The authors say that the results reveal how quickly birds can adapt to changing environments and suggest that long-lasting remediation could lead to other promising outcomes, including increased species diversity.
Birds give up the complexity of song for volume in noisy places – so they sing louder but less attractive (to both humans & mates) songs in cities. When traffic noise in San Francisco fell due to COVID, birds began to sing more complex, quieter songs like they did 50 years ago!
Impact on the birds
According to the research, reduced bandwidth and throughput, not a higher minimum frequency, could be the reason why urban birds respond less to anthropogenic noise-adjusted songs. Ultimately, the lower vocal performance of birds in territories with high levels of anthropogenic noise could result in fewer mating opportunities and more challenges in defending their territory.

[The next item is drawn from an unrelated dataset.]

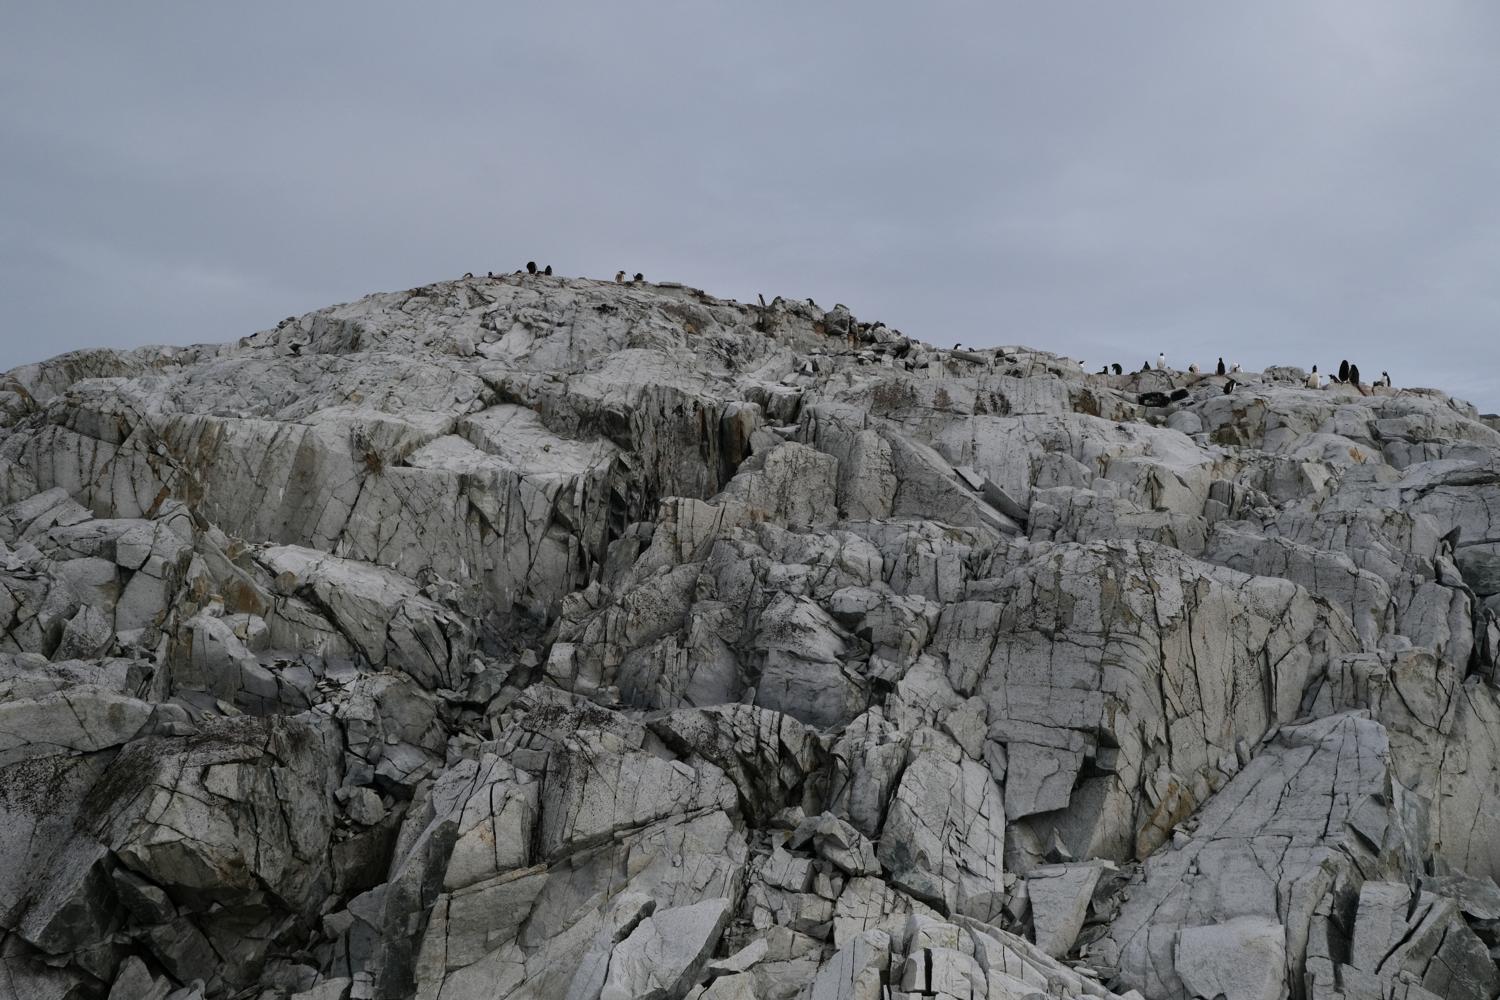 Penguins on the Rocks
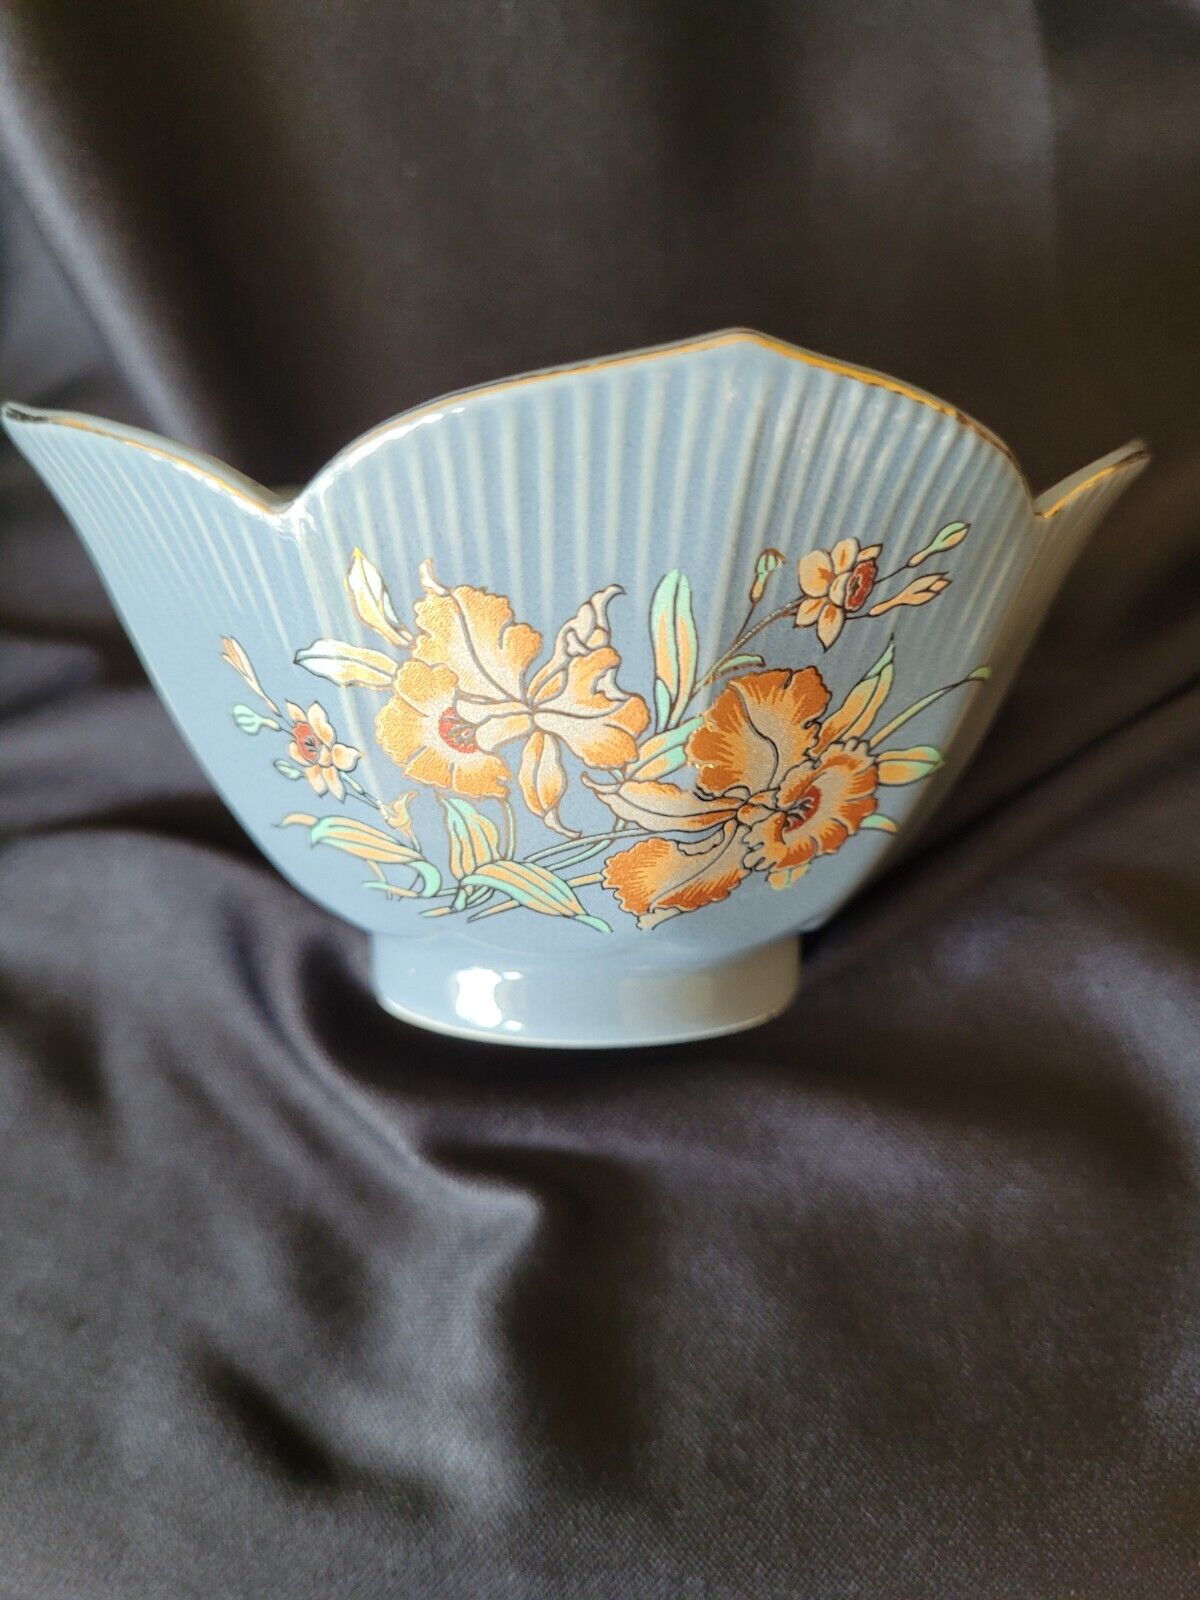 Vintage Japanese tulip bowl, blue with peach floral design

In an earlier study, Halfwerk found that certain male birds forced to compete with highway traffic often resorted to singing louder to be heard. However, it wasn’t so clear whether doing so had a positive or negative impact on the birds as a whole, so this time he and his team decided to take a closer look by studying not only the change in songs, but also finding out who it was. actually mate with whom as a result.
To find out what was going on, Halfwerk and his team chose to study the great tit, the same species studied in their earlier work; a bird that is capable of changing the frequency of its songs. They recorded the songs of 30 random male birds during mating season in the Netherlands. In doing so, they found that the males sang at their lowest level just before the females began to lay their eggs, indicating that it was the low-frequency songs that really made the difference for the females.
To further confirm their findings, the team also took a more direct approach; They played pre-recorded high-pitched and low-pitched male songs to females sitting on their nests to see which would make them emerge and found that low-pitched songs were more effective. However, this all changed when they pumped low-frequency background noise into the environment, making it difficult for the females to hear the songs; only then did they go for the males singing the higher frequency melodies.
Negative impact on bird populations
All of this shows, say the team, that noise pollution can have a negative impact on bird populations, seriously affecting the process of allowing females to be fertilized by the best available mates, which could ultimately put the species in danger. danger. risk.
The combination of less background noise and the better signal from a wider bandwidth meant that the males could probably be heard from twice as far away as before.
This improved communication has also helped rival males avoid each other, which means fewer fights.
By showing that sparrows can adjust their songs to their environment, the study suggests that species with more flexible behaviours can cope with aspects of changing environments. Noise abatement could allow other noise-sensitive bird species, such as California quail, to return to cities where they once roamed and sang.